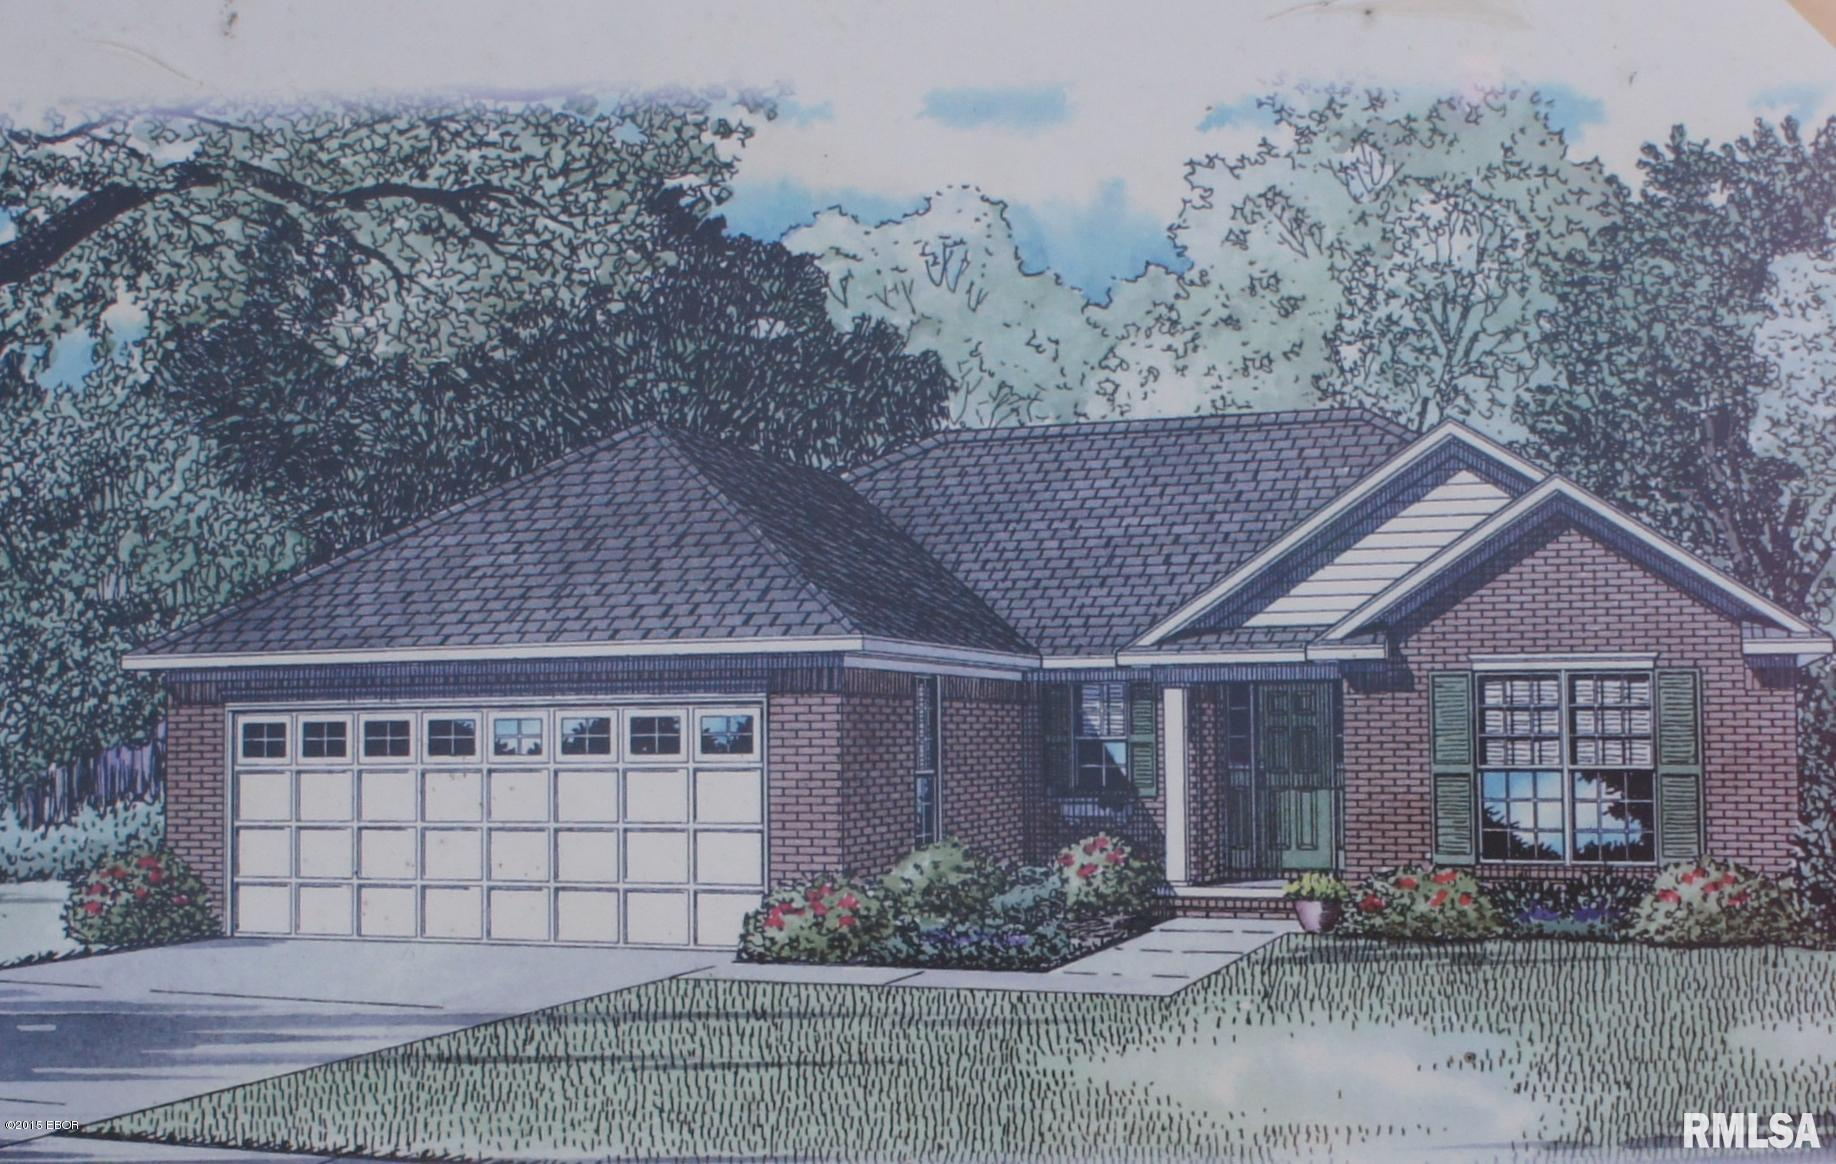 654 QUAIL Property Photo - Metropolis, IL real estate listing
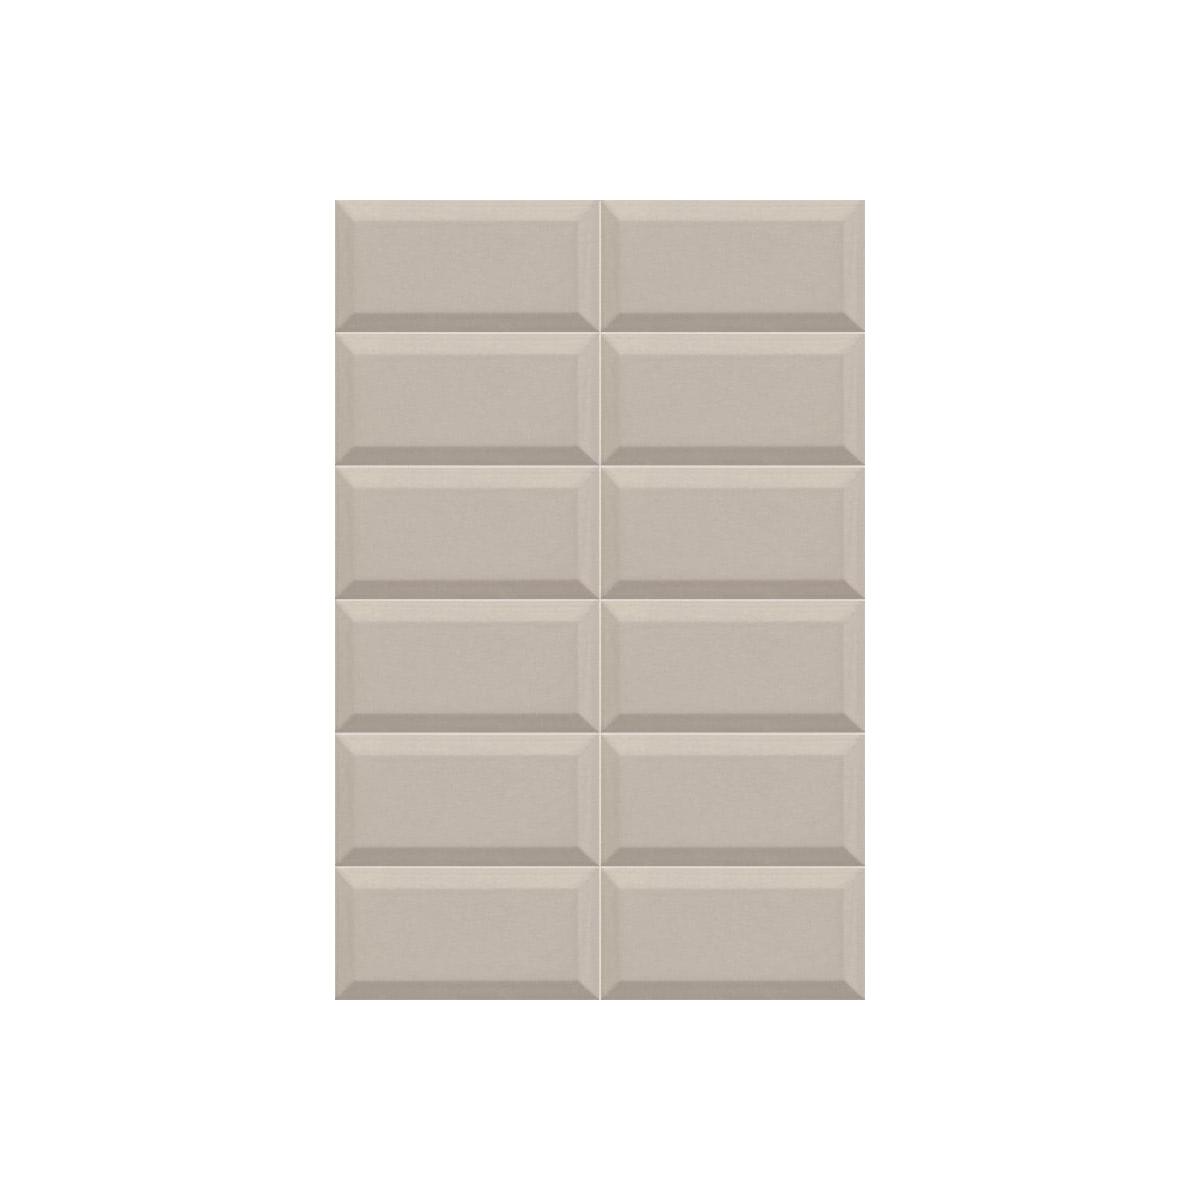 Bissel gris plata brillo 10x20 (m2)
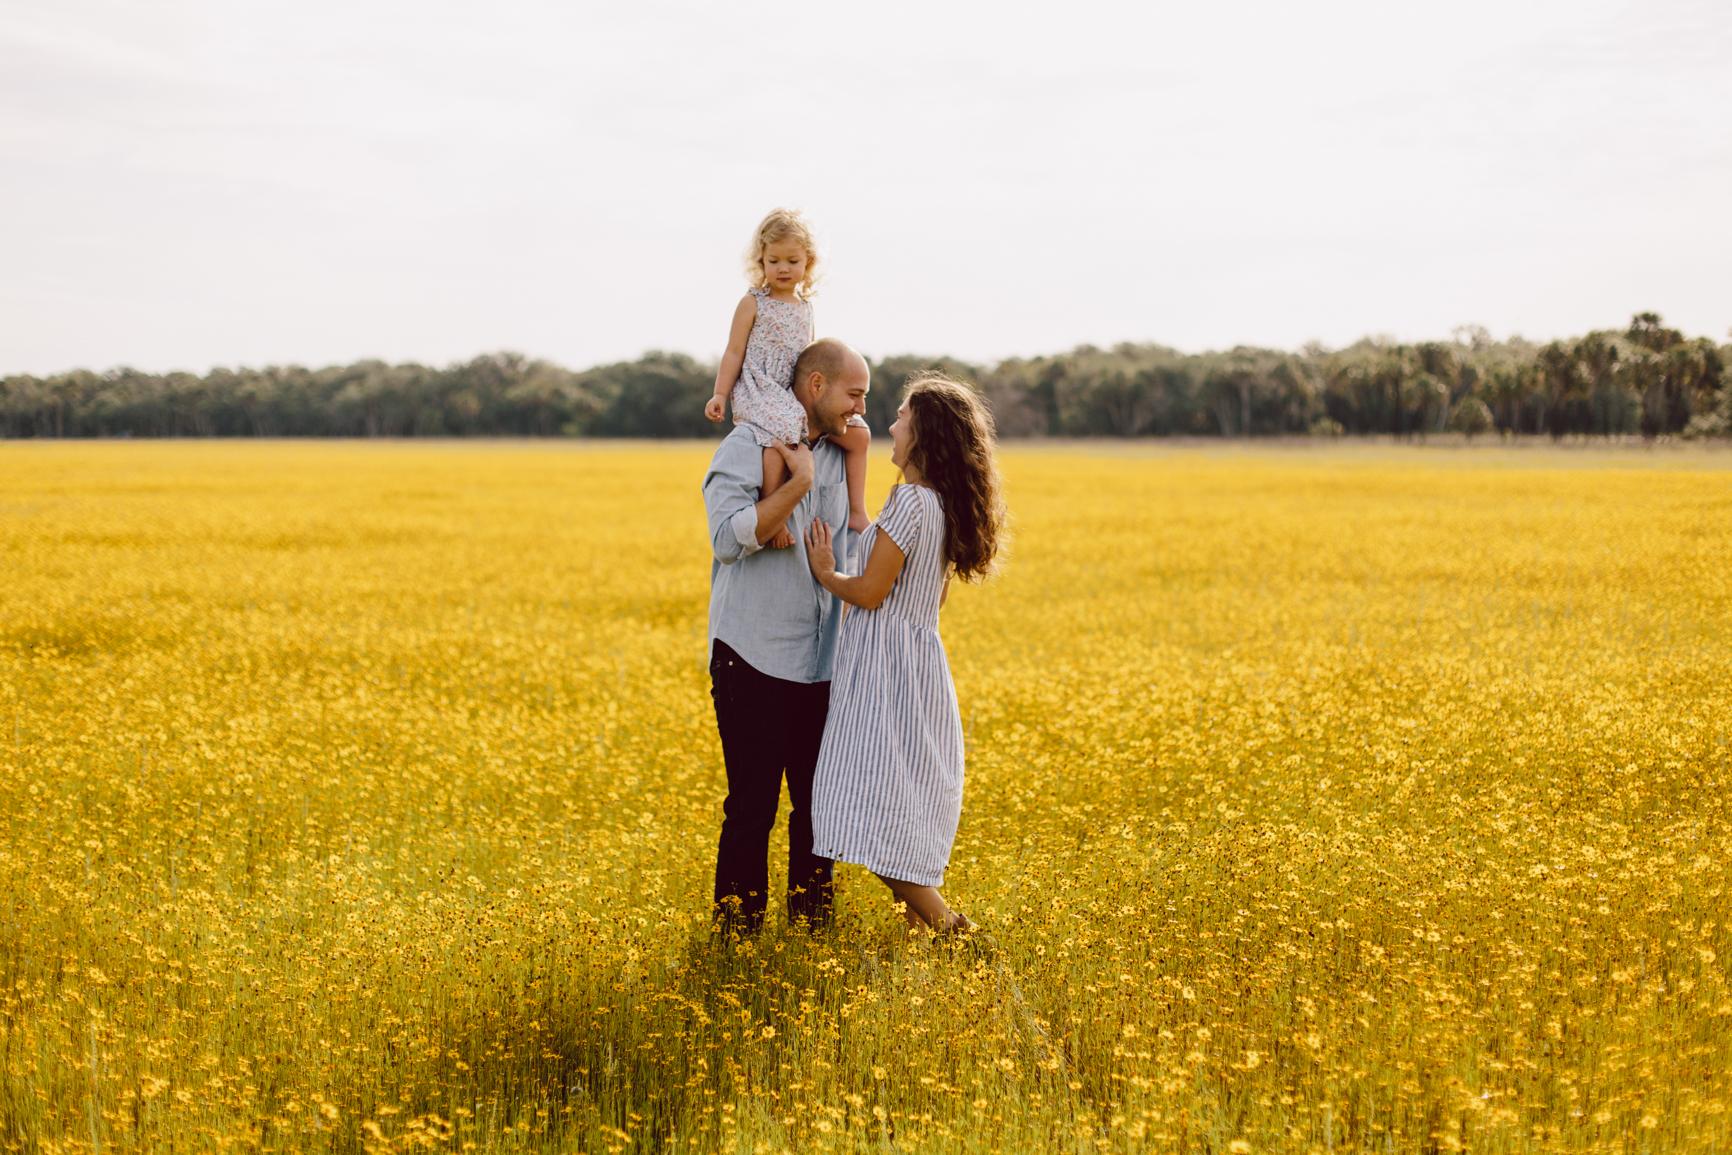 The Yoders | Sarasota Family Photographer — Alyssa Shrock Photography

### WORK REQUIRED
Since pictures are not part of the copy, set down only the remaining data exactly.

### WRITTEN REPLY
 654 QUAIL Property Photo - Metropolis, IL real estate listing
 Bissel gris plata brillo 10x20 (m2)
 The Yoders | Sarasota Family Photographer — Alyssa Shrock Photography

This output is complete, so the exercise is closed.